The Intel I219-LM — a perfectly common onboard NIC found in countless Dell, HP, and Lenovo business desktops. Exactly the kind of hardware that ends up in homelabs.

I grepped for that specific message to find exactly when it first fired:

1
2
3
4
$ sudo journalctl -b -1 -k --no-pager | grep "Hardware Unit Hang" | head -3
Feb 17 08:00:27 pvea kernel: e1000e 0000:00:1f.6 eno2: Detected Hardware Unit Hang:
Feb 17 08:00:29 pvea kernel: e1000e 0000:00:1f.6 eno2: Detected Hardware Unit Hang:
Feb 17 08:00:31 pvea kernel: e1000e 0000:00:1f.6 eno2: Detected Hardware Unit Hang:

08:00:27 UTC — that’s the moment the NIC died.
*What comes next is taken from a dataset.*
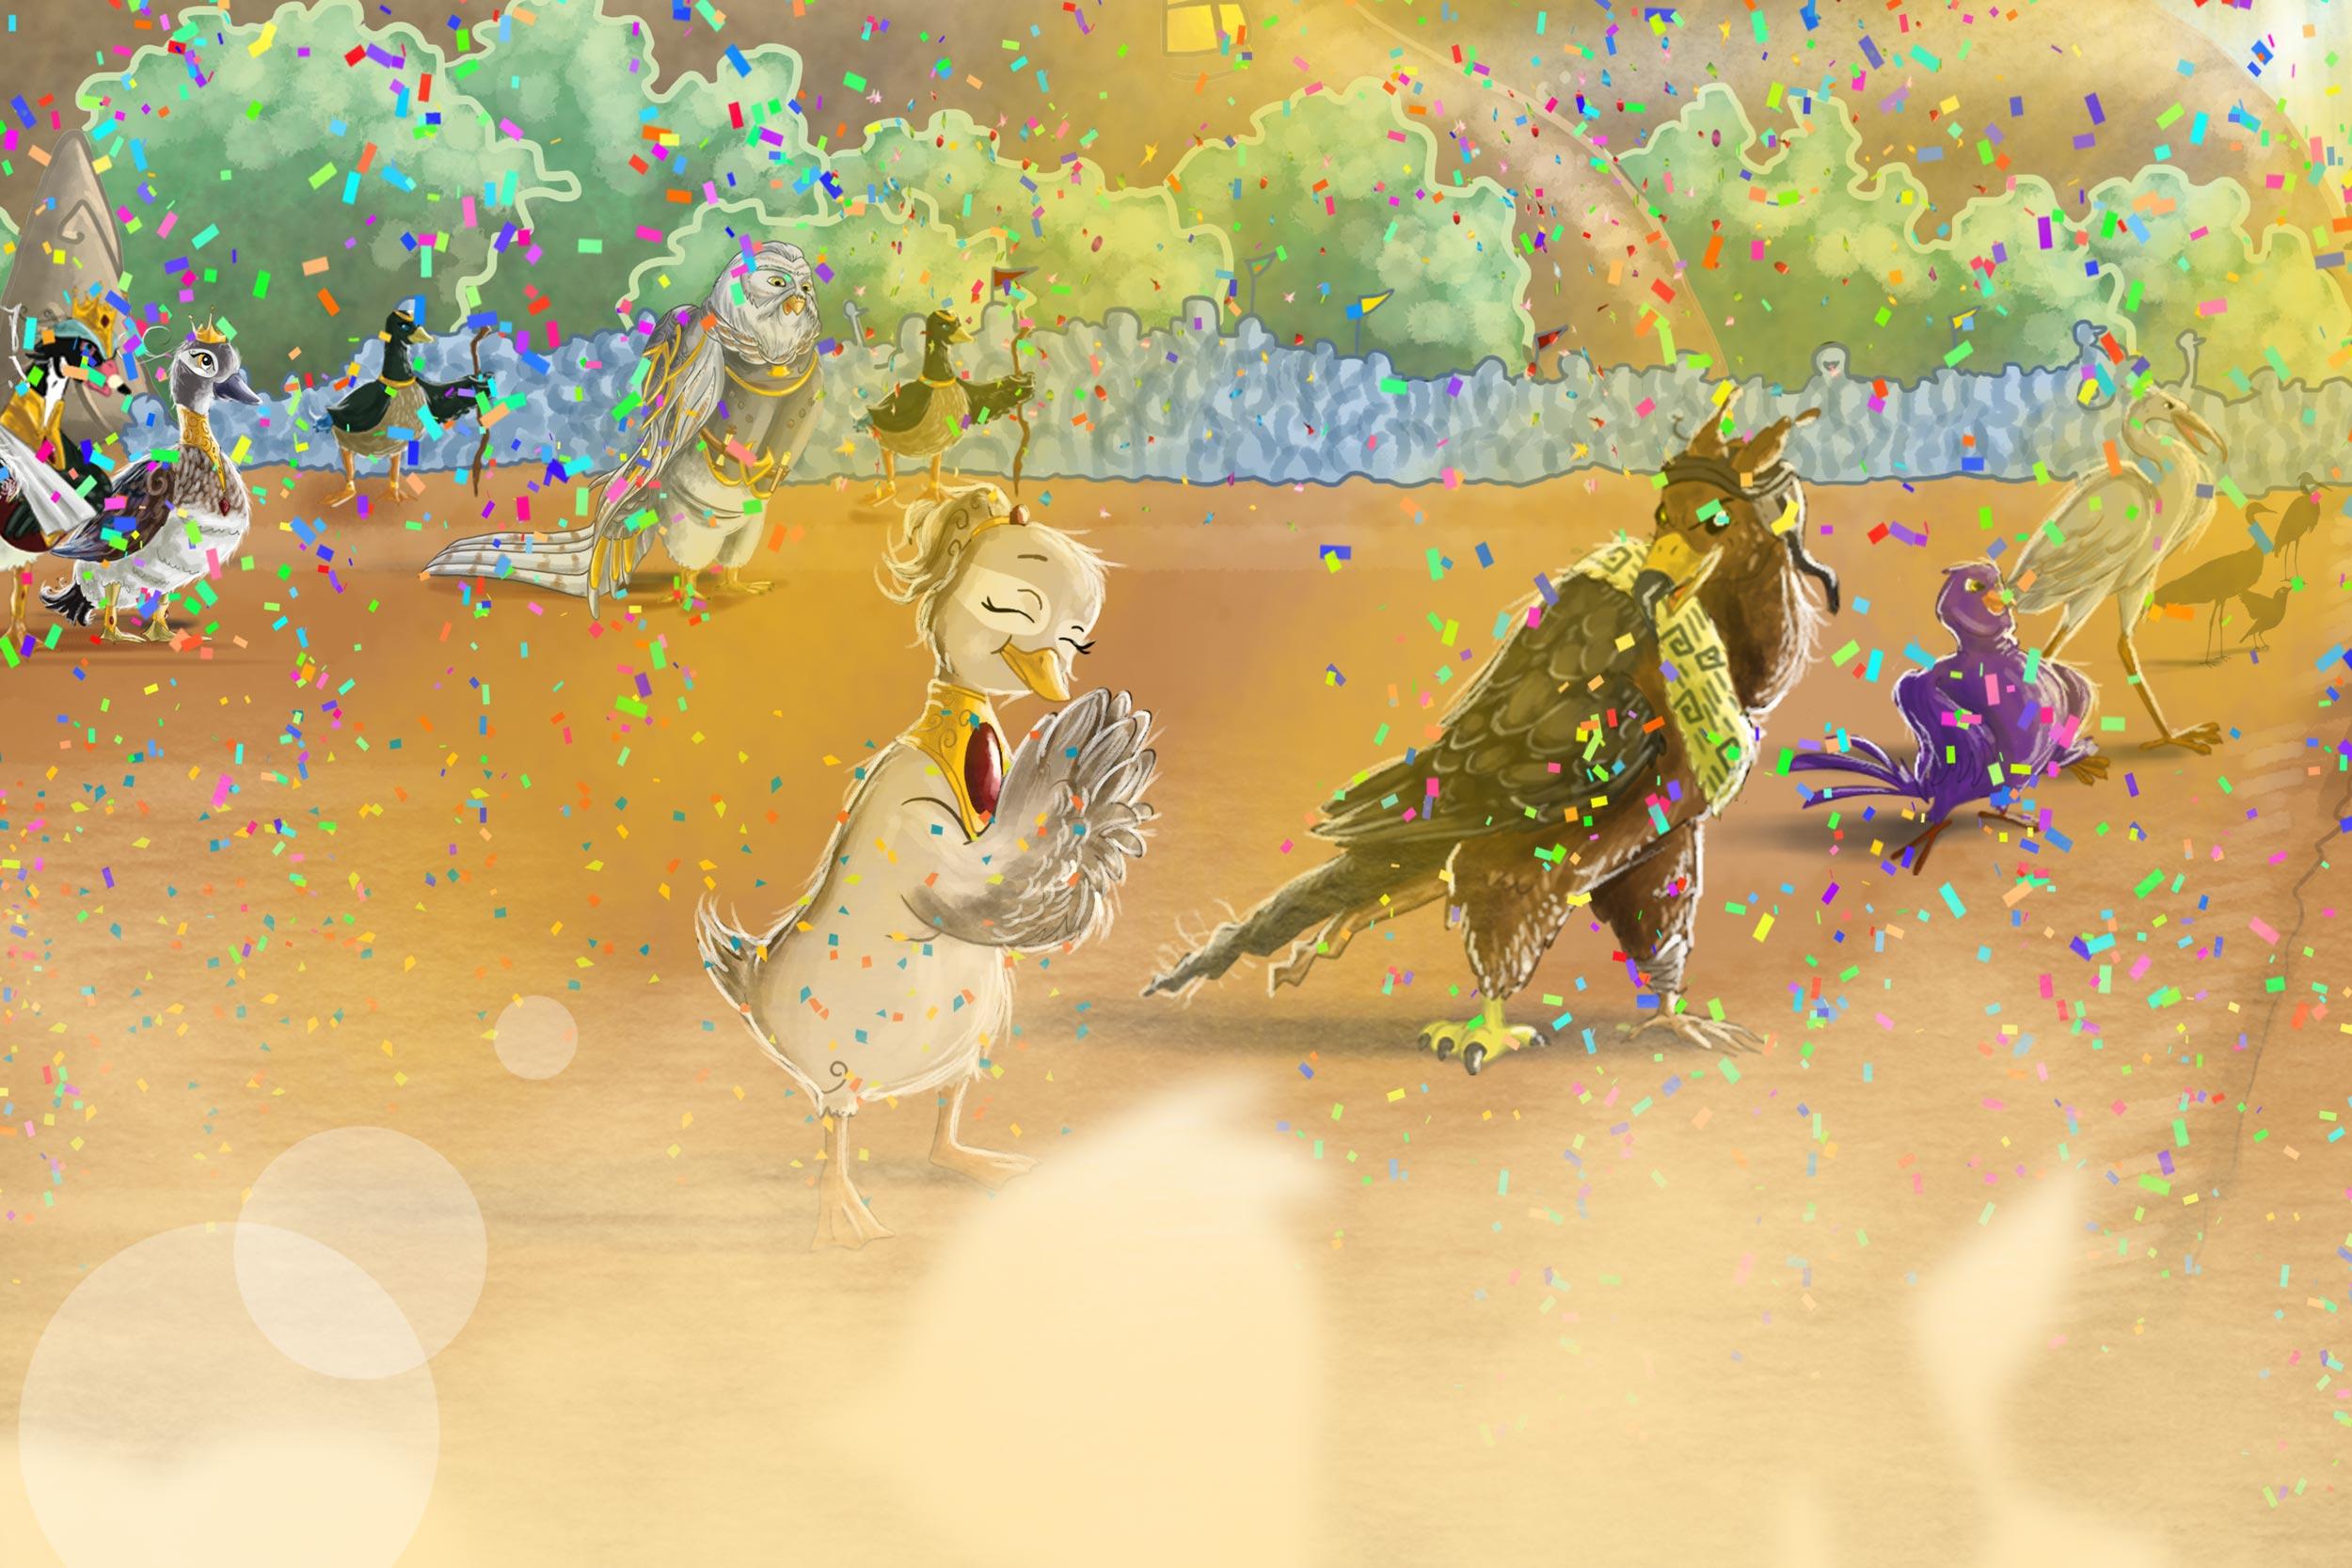 journey-of-puddle-christian-illustrated-children-books-illustration-9.jpg

Boot -1 had been running since 01:08; the NIC held on for nearly 7 hours before locking up, then stayed dead for 13 more hours until I pressed the power button at 21:22. Now I had a timestamp to zoom in on:

 1
 2
 3
 4
 5
 6
 7
 8
 9
10
11
12
13
14
15
16
17
18
19
20
21
22
23
24
25
26
27
$ sudo journalctl -b -1 --since '2026-02-17 07:58' --until '2026-02-17 08:03' \
    -p warning --no-pager | grep -v iptables-dropped
Feb 17 08:00:27 pvea corosync[1393]:   [KNET  ] host: host: 2 has no active links
Feb 17 08:00:27 pvea kernel: e1000e 0000:00:1f.6 eno2: Detected Hardware Unit Hang:
                               TDH                  <f8>
                               TDT                  <4d>
                               next_to_use          <4d>
                               next_to_clean        <f7>
                             buffer_info[next_to_clean]:
                               time_stamp           <1017505e0>
                               next_to_watch        <f8>
                               jiffies              <101750b00>
                               next_to_watch.status <0>
                             MAC Status             <80083>
                             PHY Status             <796d>
                             PHY 1000BASE-T Status  <3800>
                             PHY Extended Status    <3000>
                             PCI Status             <10>
[... repeating every 2 seconds ...]
Feb 17 08:00:32 pvea pmxcfs[1302]: [dcdb] crit: received write while not quorate - trigger resync
Feb 17 08:00:32 pvea pmxcfs[1302]: [dcdb] crit: leaving CPG group
Feb 17 08:00:32 pvea pve-ha-lrm[1555]: unable to write lrm status file - Permission denied
Feb 17 08:00:33 pvea pmxcfs[1302]: [dcdb] crit: cpg_join failed: 14
Feb 17 08:01:11 pvea pvescheduler[83276]: jobs: cfs-lock 'file-jobs_cfg' error: no quorum!
Feb 17 08:01:11 pvea pvescheduler[83275]: replication: cfs-lock 'file-replication_cfg' error: no quorum!
Feb 17 08:02:11 pvea pvescheduler[83485]: jobs: cfs-lock 'file-jobs_cfg' error: no quorum!
Feb 17 08:02:11 pvea pvescheduler[83484]: replication: cfs-lock 'file-replication_cfg' error: no quorum!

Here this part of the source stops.